## Assigned task
Transcribe word for word the lines below from the line with "Torso_2.stl Download free" through the line with "new 2021 Honda", ends included.

## Material to process
"""

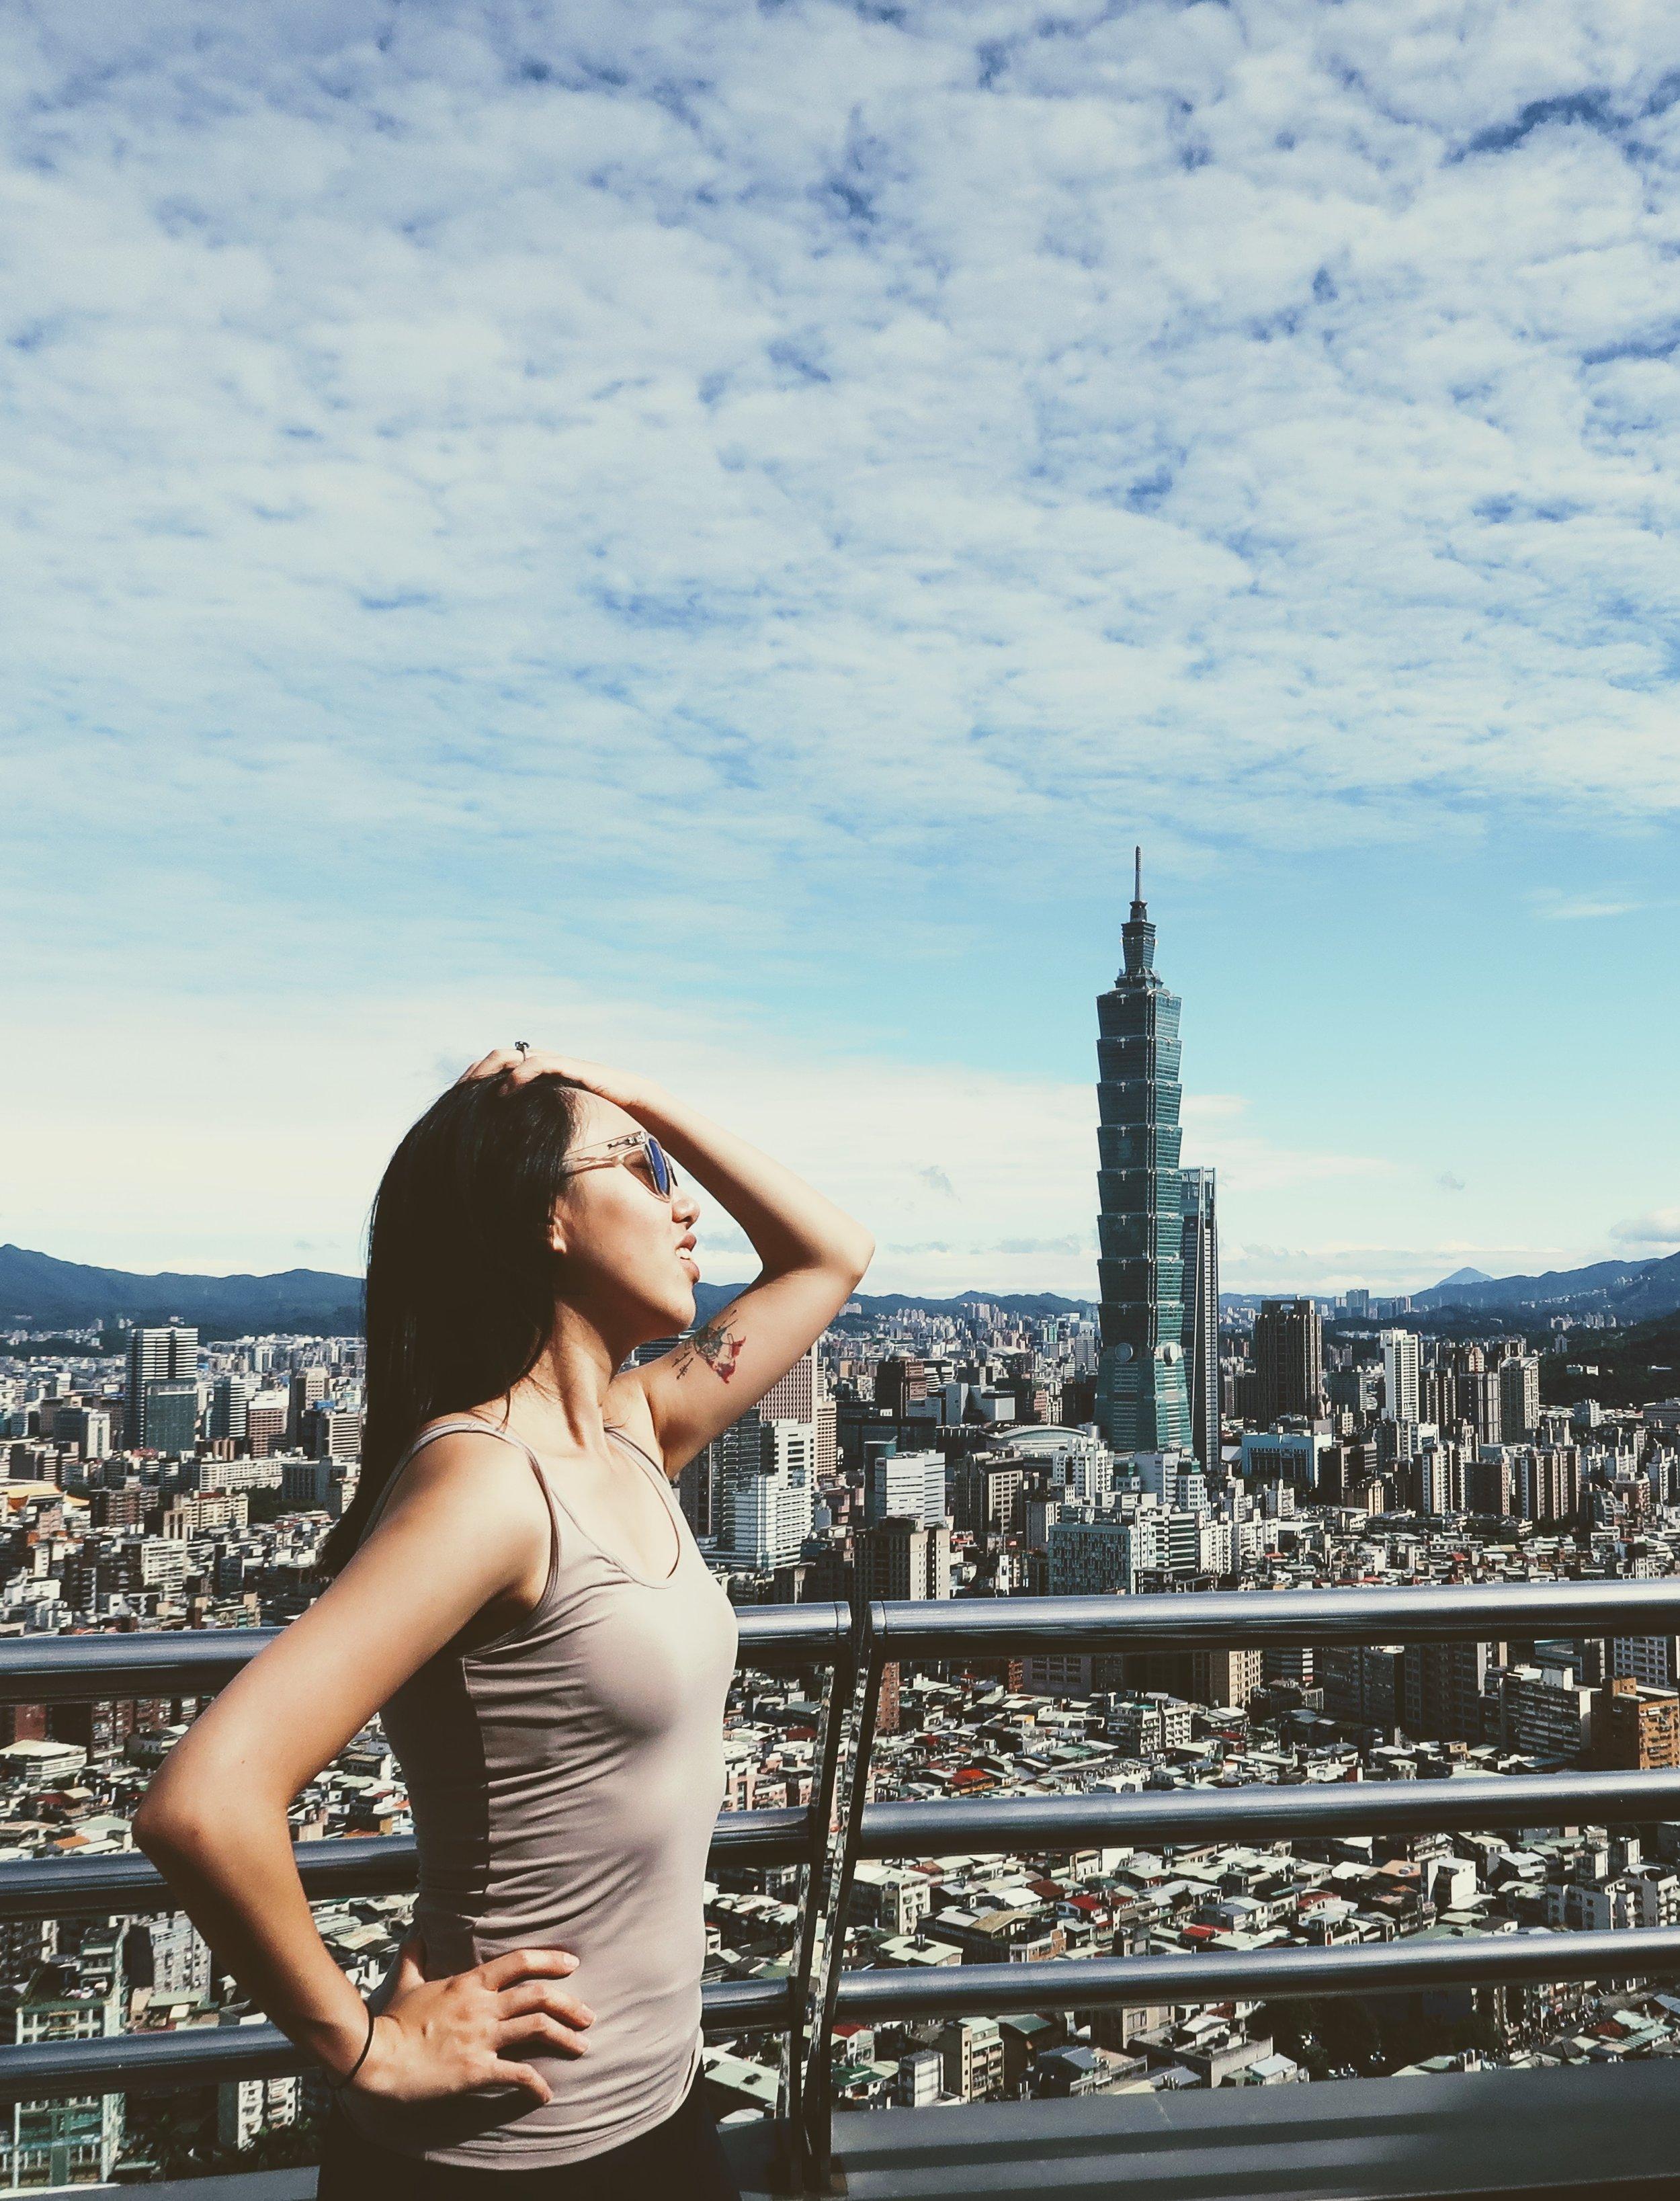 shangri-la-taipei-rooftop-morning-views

"""
"""

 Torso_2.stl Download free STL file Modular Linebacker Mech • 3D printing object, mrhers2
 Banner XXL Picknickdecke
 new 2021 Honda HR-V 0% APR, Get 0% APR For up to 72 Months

"""

## Problem solution
 Torso_2.stl Download free STL file Modular Linebacker Mech • 3D printing object, mrhers2
 Banner XXL Picknickdecke
 new 2021 Honda HR-V 0% APR, Get 0% APR For up to 72 Months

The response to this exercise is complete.